# Digital Cameras



## huckit21 (Nov 4, 2003)

Looking for a quality digital camera for whitewater photography. I have been looking at the Digital Rebel XT. any others you would recommend?


----------



## GAtoCSU (Apr 18, 2005)

Nikon D70


----------



## Guest (Dec 29, 2005)

Just got a waterproof point and shoot that is super sweet. I don't know if you all have had the same problems I have with Cameras. I have destroyed a Cannon GL-1 video camera with water damage, and a Minolta Dynax SLR that was super nice. Freaking Pelican Cases and Watershed drybags are sweet but not 100% reliable after heavy use.

Just got a Pentax Optio wpi that is 6.0 megapixels and 3X optical zoom.

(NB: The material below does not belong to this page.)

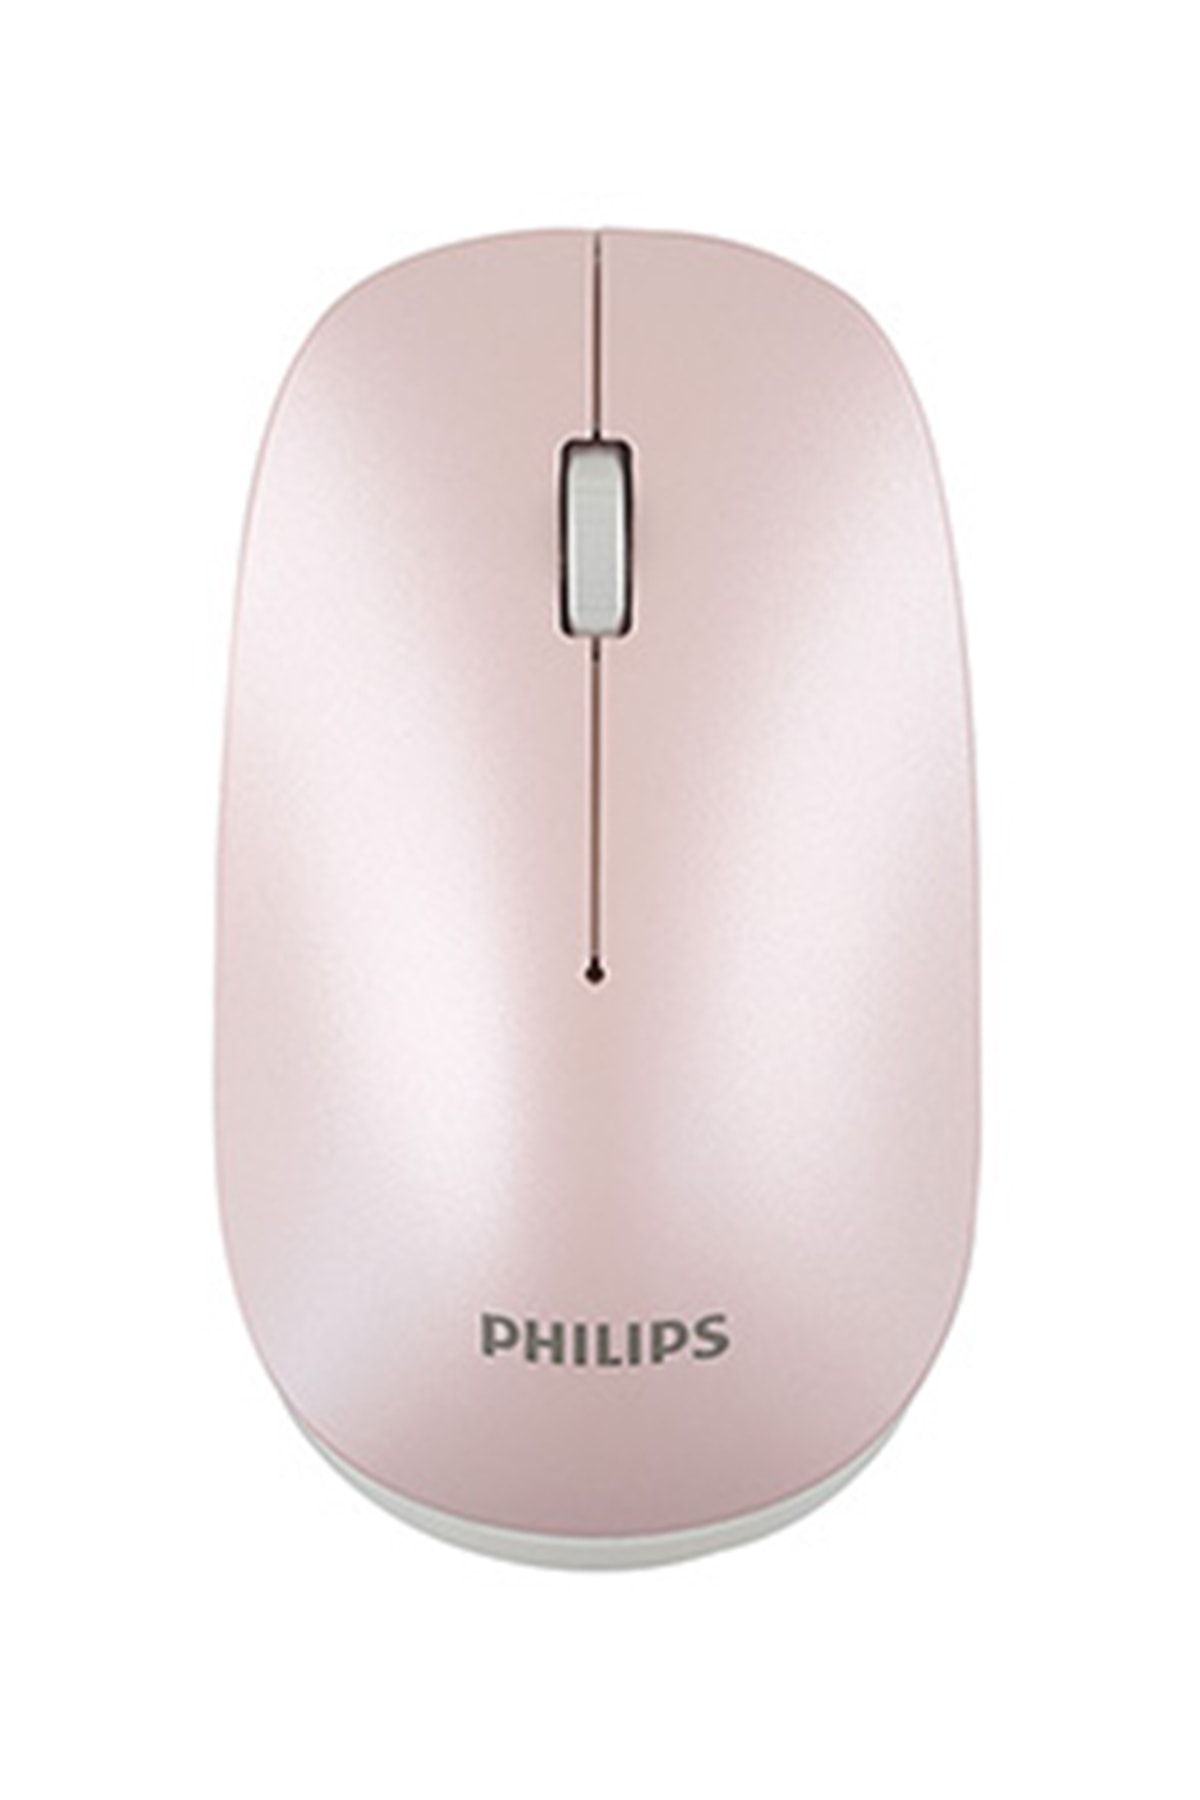 Philips Spk7305 2.4ghz Pembe 800/1000/1200/1600dpi Süper Sessiz Pembe Kablosuz Mouse

A sweet camera for someone who is fed up with taking time to set up shots. Pull your sprayskirt, open a small dry box in between your legs and take a picture!

NH


----------



## grungeboater (Dec 16, 2005)

I too just got the Optio wpi 6.0. NIce, small and handy. But gosh, is it just me :? or is the menu and selection process overly complex? Seems like there are "500" different functions controlled by 7 buttons and not in a very intuitive way, either.


----------



## dwk (Oct 16, 2003)

I recently bought a nice Sony plus the waterproof case. I think I could take it scuba diving if I had the equipment and knew how to scuba dive. I like it because the only reason to ever take it out of the box on the river would be to change batteries or memory sticks, and that would only be on a long trip. Out of the case, it's a nice, small camera that you can use anywhere.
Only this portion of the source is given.